Enumeration of functional T-cell subsets by fluorescence-immunospot defines signatures of pathogen burden in tuberculosis

• Published in: PloS one Vol. 5; no. 12; p. e15619
• Main Authors: Casey, Rosalyn, Blumenkrantz, Deena, Millington, Kerry, Montamat-Sicotte, Damien, Kon, Onn Min, Wickremasinghe, Melissa, Bremang, Samuel, Magtoto, Murphy, Sridhar, Saranya, Connell, David, Lalvani, Ajit
• Format: Journal Article
• Language: English
• Published: United States Public Library of Science 14.12.2010; Public Library of Science (PLoS)

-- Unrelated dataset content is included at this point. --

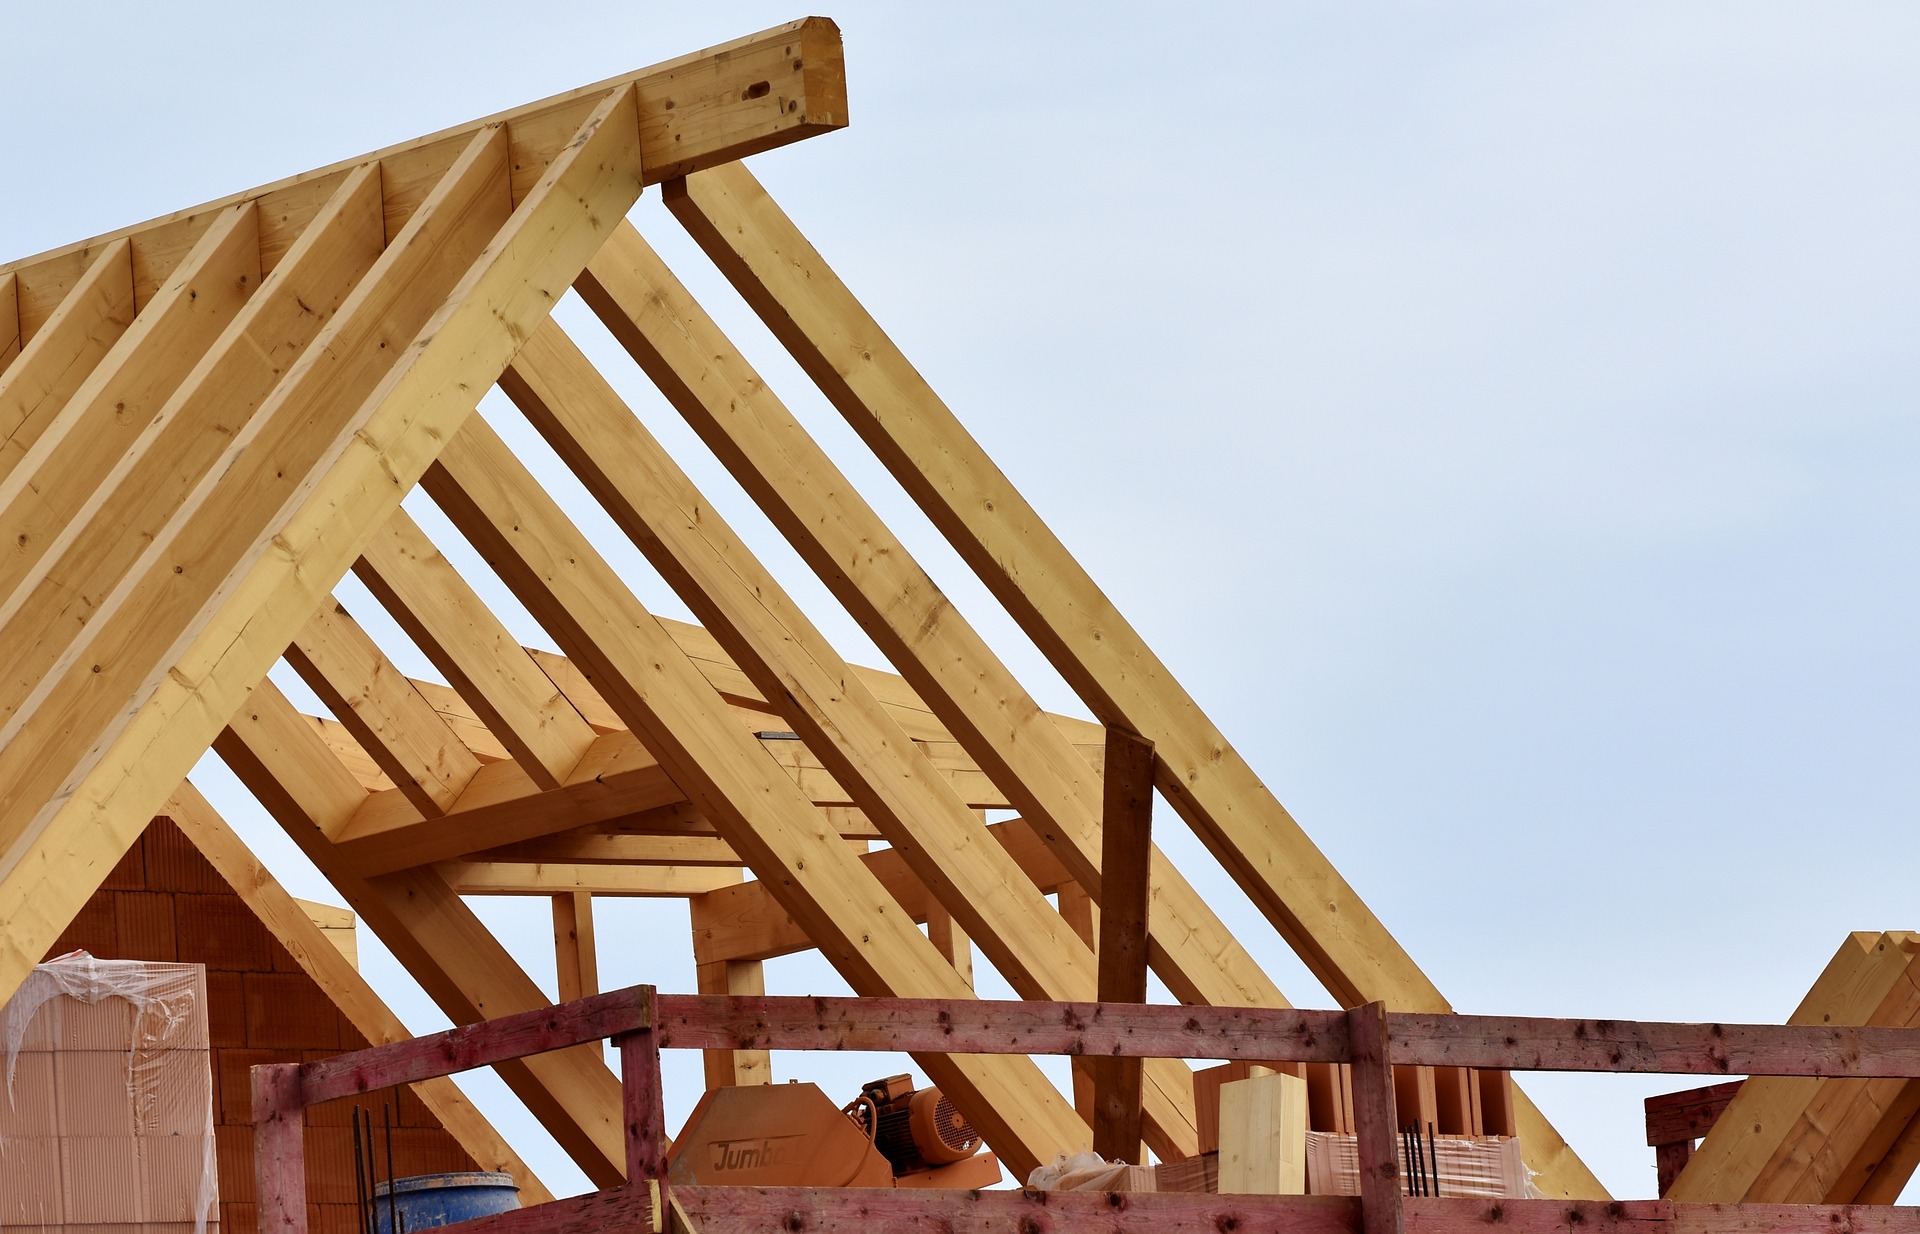 Latest Housing Data Points to More Gradual Growth for Homebuilders

• Subjects: Adolescent; Adult; Aged; Antibodies; Antigens; Biology; Case-Control Studies; Cell Count; Containment; Cross-Sectional Studies; Cytokines; Cytometry; Digital imaging; Disease; Enumeration; Enzymes; Feasibility studies; Female; Flow Cytometry - methods; Fluorescence; Health aspects; Heart; Hospitals; Humans; Immunologic factors; Infections; Interferon; Interferon-gamma - metabolism; Interleukin 2; Interleukin-2 - metabolism; Lymphocytes; Lymphocytes T; Male; Medical research; Medicine; Microscopy, Fluorescence - methods; Middle Aged; Mycobacterium tuberculosis; Mycobacterium tuberculosis - metabolism; Pathogens; Patients; Risk Factors; Signatures; T cell receptors; T cells; T-Lymphocytes - cytology; Tuberculosis; Tuberculosis - blood; Tuberculosis - microbiology; Viral infections; γ-Interferon; United Kingdom > UK
• ISSN: 1932-6203; 1932-6203
• DOI: 10.1371/journal.pone.0015619

IFN-γ and IL-2 cytokine-profiles define three functional T-cell subsets which may correlate with pathogen load in chronic intracellular infections. We therefore investigated the feasibility of the immunospot platform to rapidly enumerate T-cell subsets by single-cell IFN-γ/IL-2 cytokine-profiling and establish whether immunospot-based T-cell signatures distinguish different clinical stages of human tuberculosis infection. We used fluorophore-labelled anti-IFN-γ and anti-IL-2 antibodies with digital overlay of spatially-mapped colour-filtered images to enumerate dual and single cytokine-secreting M. tuberculosis antigen-specific T-cells in tuberculosis patients and in latent tuberculosis infection (LTBI). We validated results against established measures of cytokine-secreting T-cells. Fluorescence-immunospot correlated closely with single-cytokine enzyme-linked-immunospot for IFN-γ-secreting T-cells and IL-2-secreting T-cells and flow-cytometry-based detection of dual IFN-γ/IL-2-secreting T-cells. The untreated tuberculosis signature was dominated by IFN-γ-only-secreting T-cells which shifted consistently in longitudinally-followed patients during treatment to a signature dominated by dual IFN-γ/IL-2-secreting T-cells in treated patients. The LTBI signature differed from active tuberculosis, with higher proportions of IL-2-only and IFN-γ/IL-2-secreting T-cells and lower proportions of IFN-γ-only-secreting T-cells. Fluorescence-immunospot is a quantitative, accurate measure of functional T-cell subsets; identification of cytokine-signatures of pathogen burden, distinct clinical stages of M. tuberculosis infection and long-term immune containment suggests application for treatment monitoring and vaccine evaluation.